Ив... Я застонала, дернув с плеча ворот своей рубахи. Плечо, прокушенное медведем, было все в кровавых подтеках, но кожа была целой, как будто ее не касались зубы хищника, как будто не было сломанных костей и выдранного мяса.
Ив... Дурак... Что же ты наделал?
И что теперь делать мне? Помощи ждать неоткуда, да и в таких случаях остается надеяться только на чудо. А единственная волшебница, способная на подобные чудеса, здесь я. Я, совершенно не подозревающая о том, как эти чудеса творить.

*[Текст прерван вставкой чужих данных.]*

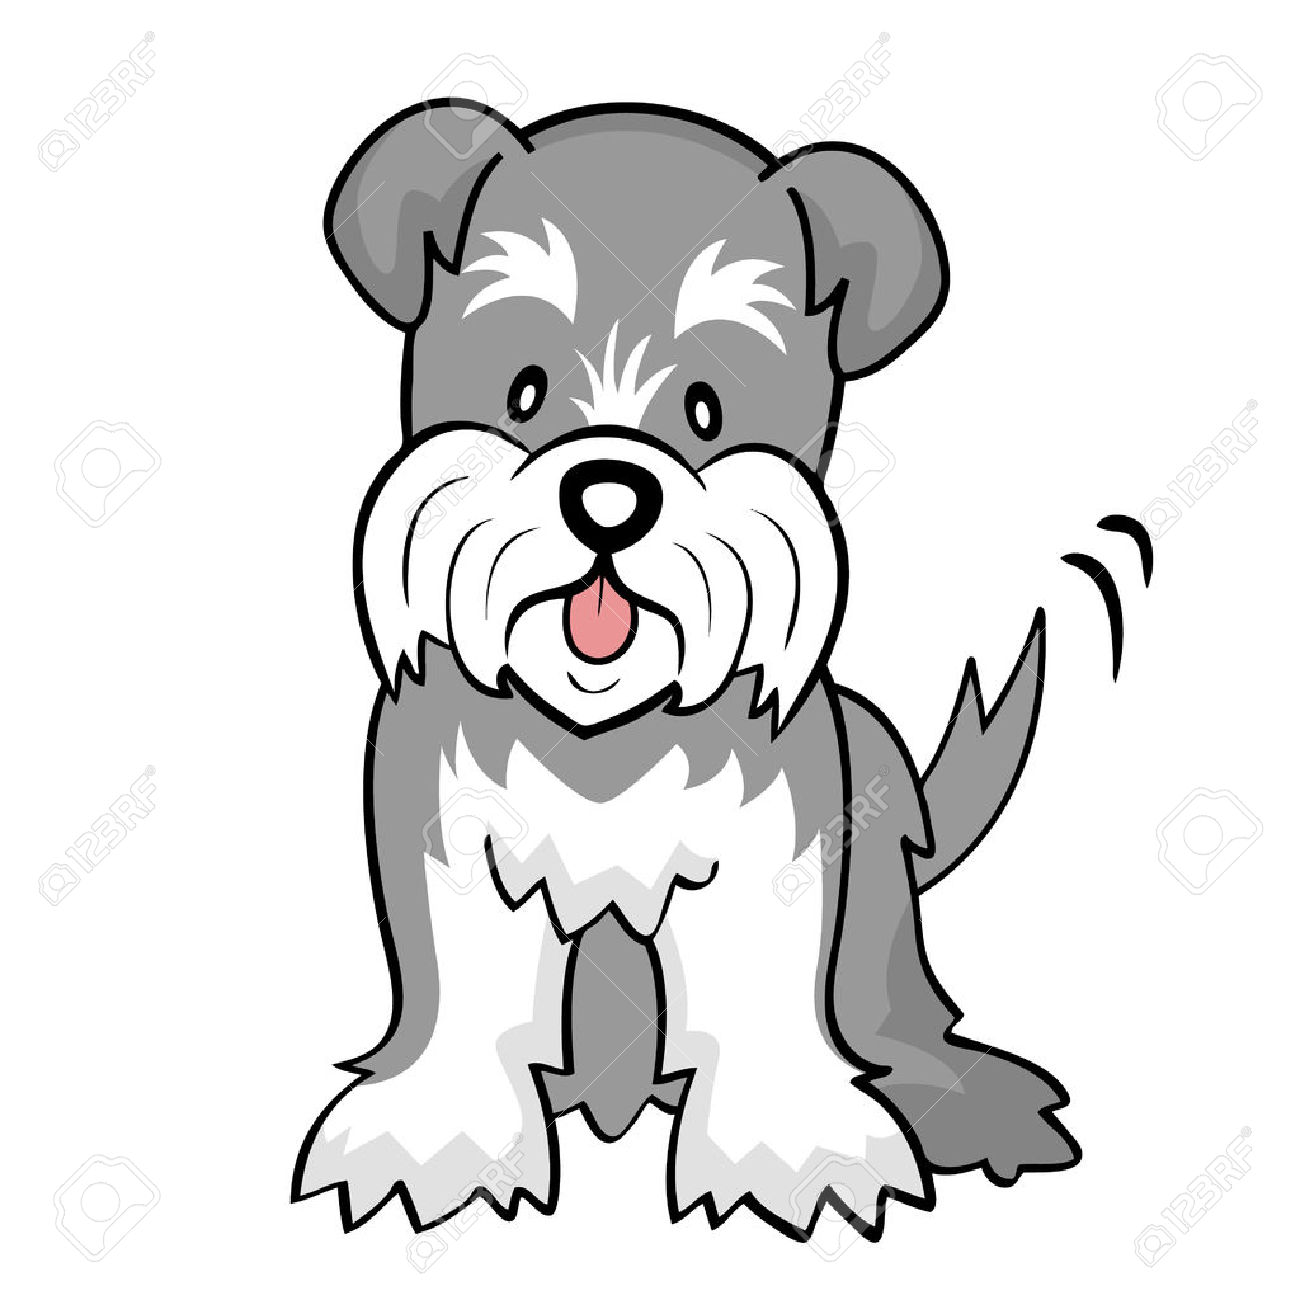 490 Schnauzer Stock Illustrations, Cliparts And Royalty Free.

Рыцарь дернулся, не приходя в сознание. Я накрыла рану обеими руками, тщетно стараясь собрать разверзшиеся края воедино и чувствуя, как с каждой каплей крови его покидает жизнь. Как больно, боже, как должно быть больно ему. Но еще больней мне. Как же больно смотреть на его страдания, сознавать, что он принял мою боль на себя, и не знать, ни как забрать ее обратно, ни как исцелить его.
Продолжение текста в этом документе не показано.